I have a question, I am thinking of using cuttlefish2 to create individual graphs and converting them to unitigs.fasta and kmer counts. cuttlefish2 is extremely fast and will help me scale my workflows. I want to make sure that won't affect the correctness of the metagraph in any way.

Thanks, Moustafa

karasikov commented 1 year ago

Hey Mostafa!

Great to hear from you, hope you're doing great!

Metagraph indexes input sequences (with or without counts), so the result will be correct as long as the input is correct.

Another question is in what format you're going to pass the input to Metagraph. Right now, it only supports fasta/fastq files and KMC counters. I guess cuttlefish can convert to fasta, but how does it store the counts? Or, can it convert to KMC?
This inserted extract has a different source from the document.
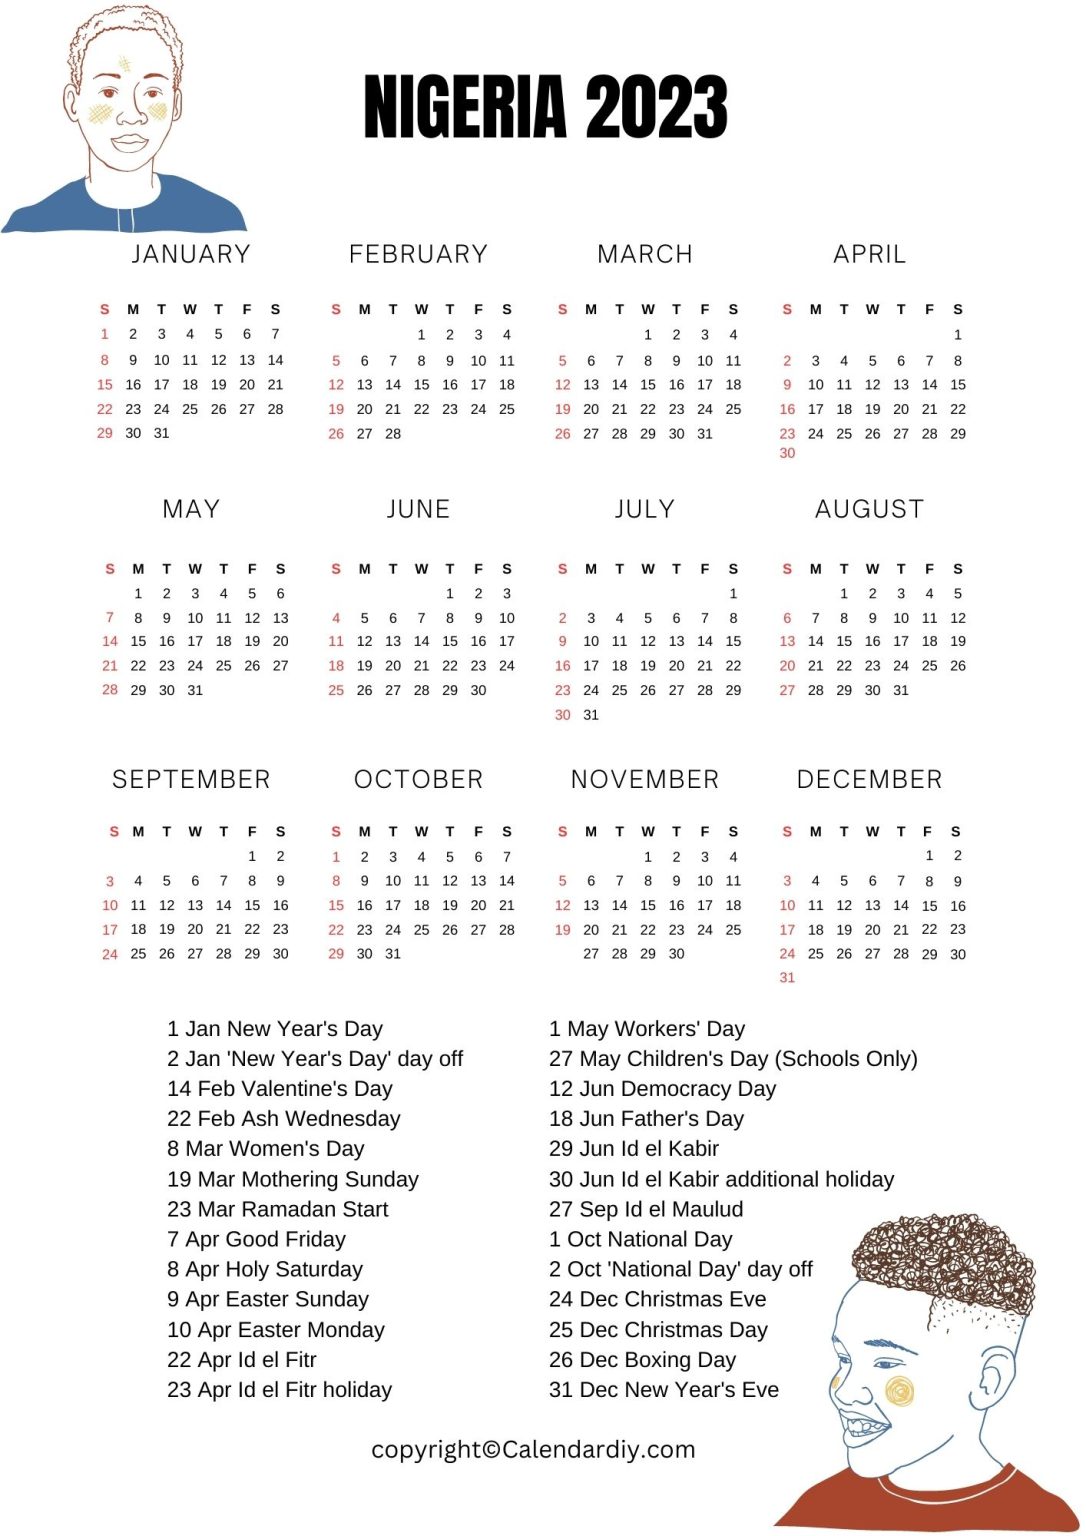 Nigeria 2023 Calendar Printable With Public Holidays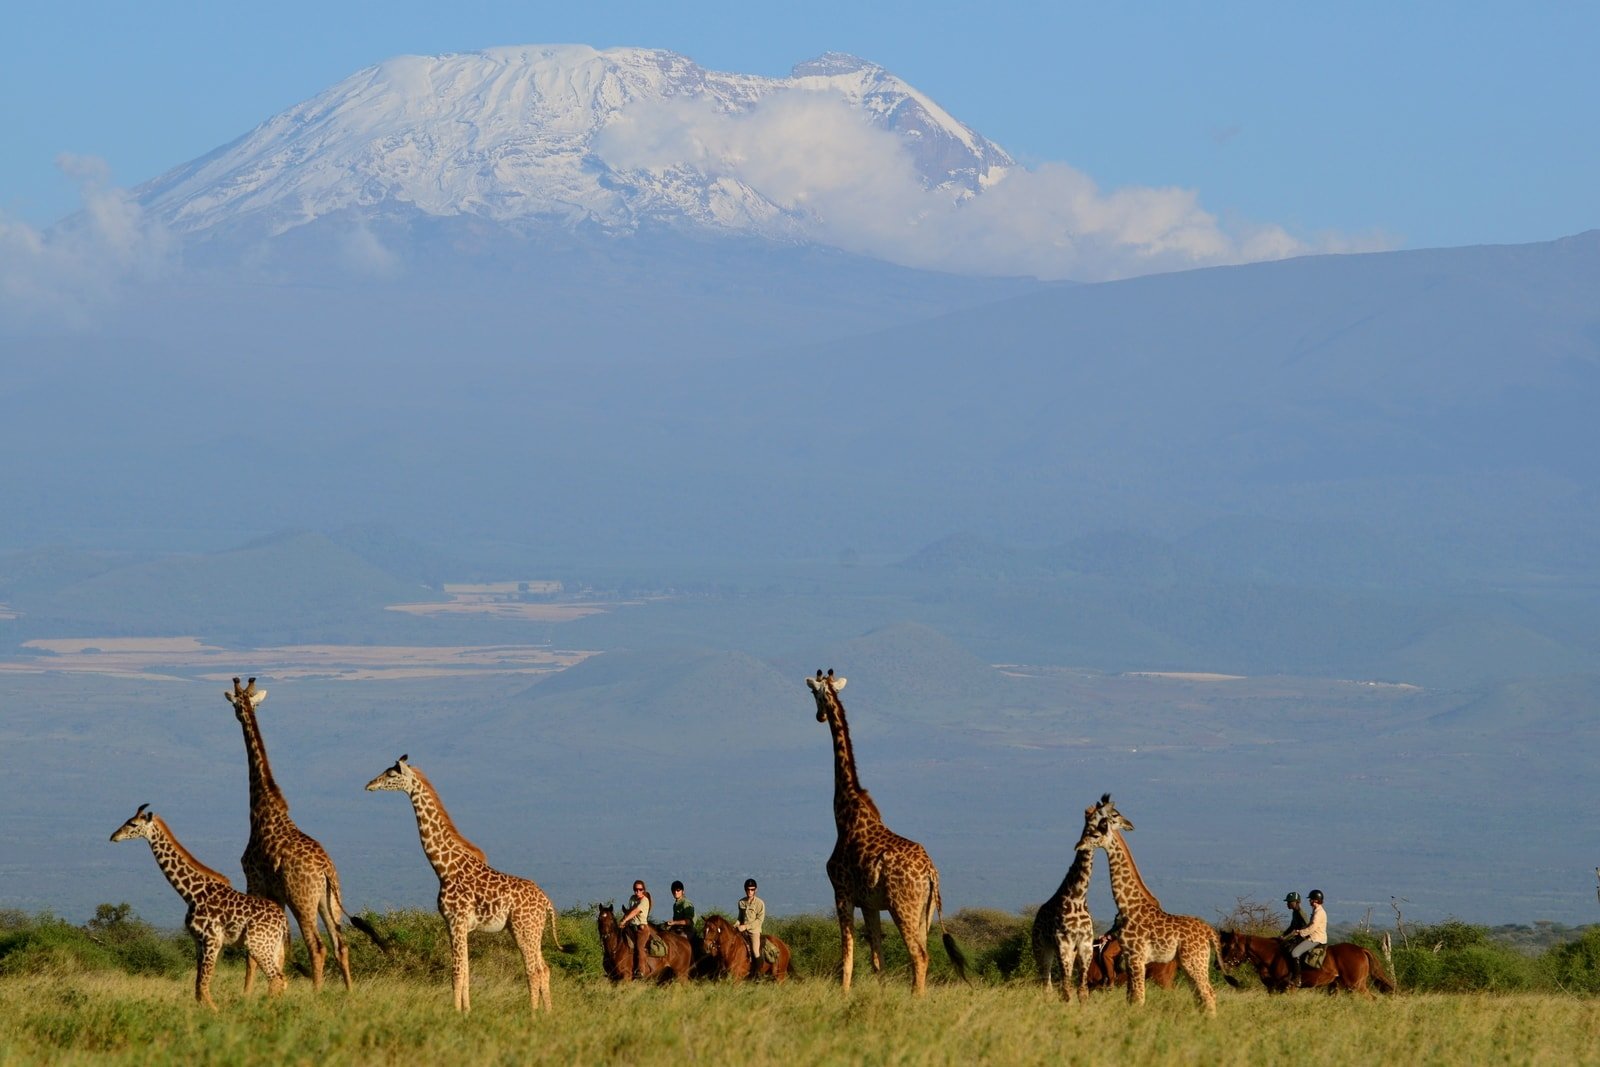 Giraffe and horse riders with Kilimanjaro

shokrof commented 1 year ago

Hey Mikhail, I am planning to generate fasta file and kmer counts in your custom format(kmer_counts.gz). My plan is to make cuttle fish calculate the unitigs(fasta) and run kmc to get the kmer counts. then I will develop a custom script to convert the kmc counts to your kmer count format(kmer counts with the kmer order in the fasta file).

best, Moustafa

karasikov commented 1 year ago

Sounds good. Though, if you have KMC counts, you can easily convert that to Metagraph's contigs by building a weighted graph from KMC counts (see https://metagraph.ethz.ch/static/docs/quick_start.html#construct-weighted-graph) and pulling unitigs (metagraph clean ..., see https://metagraph.ethz.ch/static/docs/quick_start.html#transform-to-sequences).